Internationalmedia.co.id melaporkan, rencana Amerika Serikat untuk mengelola Jalur Gaza selama satu dekade memicu kemarahan Hamas. Seperti yang diberitakan sebelumnya oleh media internasional, Gedung Putih dikabarkan tengah mempertimbangkan rencana kontroversial tersebut. Dalam proposal setebal 38 halaman, AS berambisi mengubah Gaza menjadi destinasi wisata dan pusat teknologi canggih.
Namun, rencana tersebut juga mencakup relokasi penduduk Gaza, baik secara sukarela ke negara lain atau ke zona aman di dalam wilayah tersebut.
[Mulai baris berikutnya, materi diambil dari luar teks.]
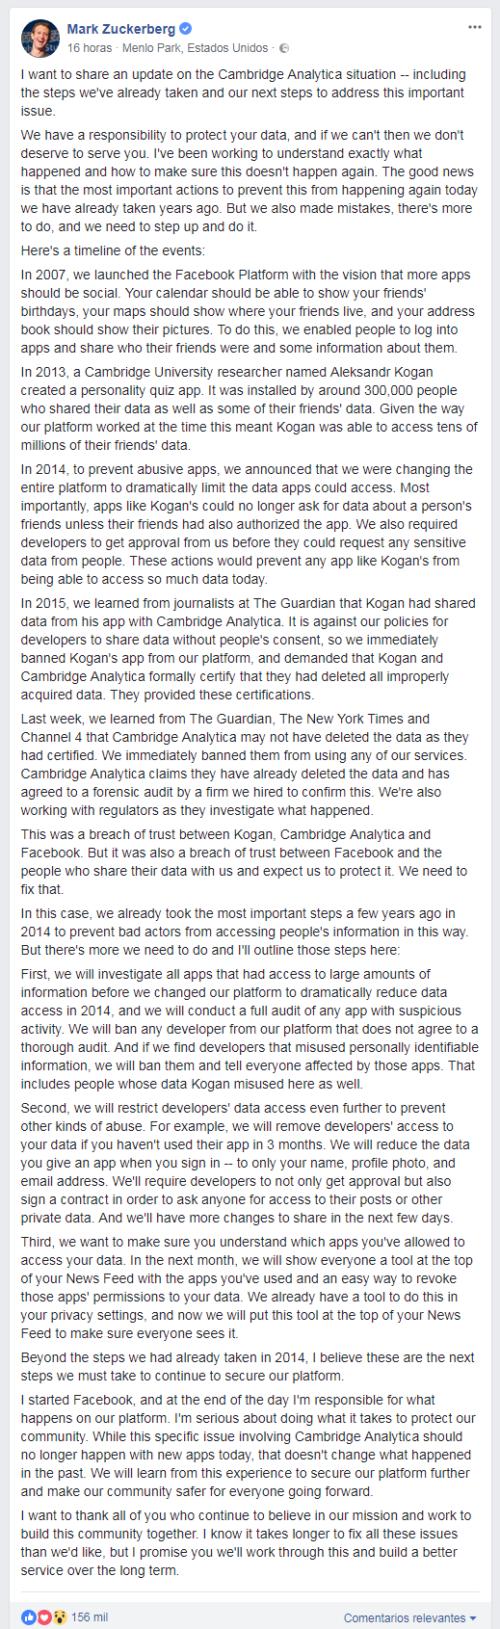 Explicación de la filtración de los datos de Facebook por Mark Zuckerberg
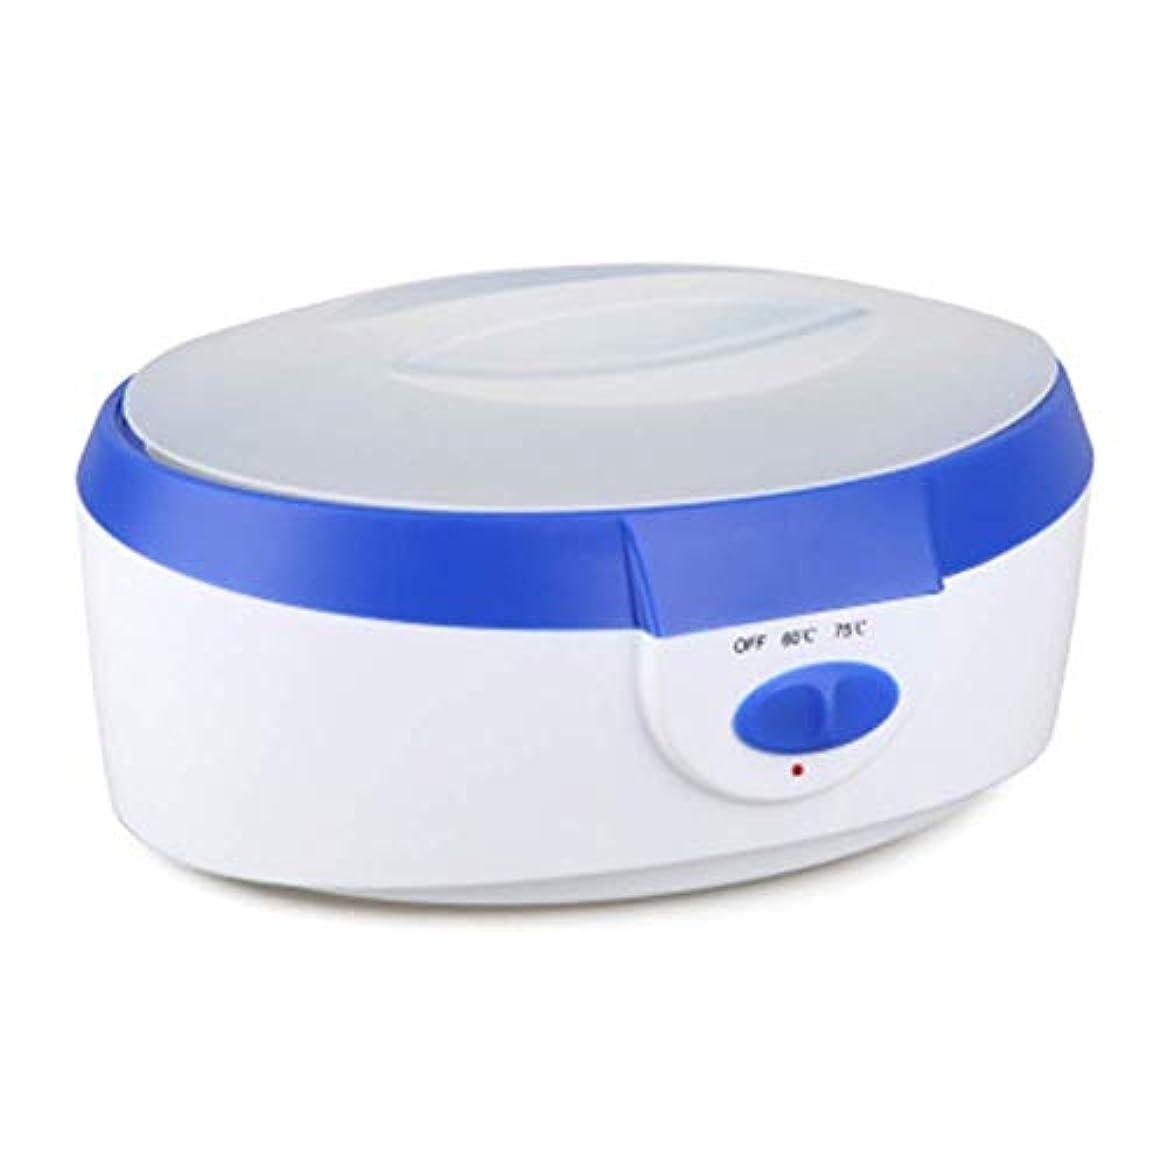 ステートメントモニカインカ帝国可変温度とウォーマーと内蔵サーモ安全制御脱毛脱毛のためのすべてのワックスタイプのコンテナのワックスウォーマー、プロフェッショナル電気ワックスヒーター (Color : Blue)

Hal ini yang kemudian memicu reaksi keras dari Hamas. Bassem Naim, anggota biro politik Hamas, tegas menyatakan penolakan terhadap rencana tersebut. "Gaza bukan untuk dijual! Gaza adalah bagian dari tanah air Palestina," tegasnya.

Pernyataan serupa disampaikan pejabat Hamas lainnya yang enggan disebutkan namanya. Ia menyebut rencana AS tersebut "tidak berarti dan tidak adil," seraya menambahkan bahwa Hamas sama sekali tidak dilibatkan dalam perencanaan ini. Gagasan ini, yang pertama kali dilontarkan Presiden Donald Trump pada Februari lalu, menimbulka kecaman luas dari dunia Arab dan warga Palestina. Mereka menganggap rencana ini sebagai upaya pengulangan "Nakba," tragedi pengusiran massal warga Palestina pada tahun 1948. Rencana menjadikan Gaza sebagai "Riviera Timur Tengah" ini dinilai sebagai penghinaan dan penolakan hak-hak dasar warga Palestina atas tanah air mereka.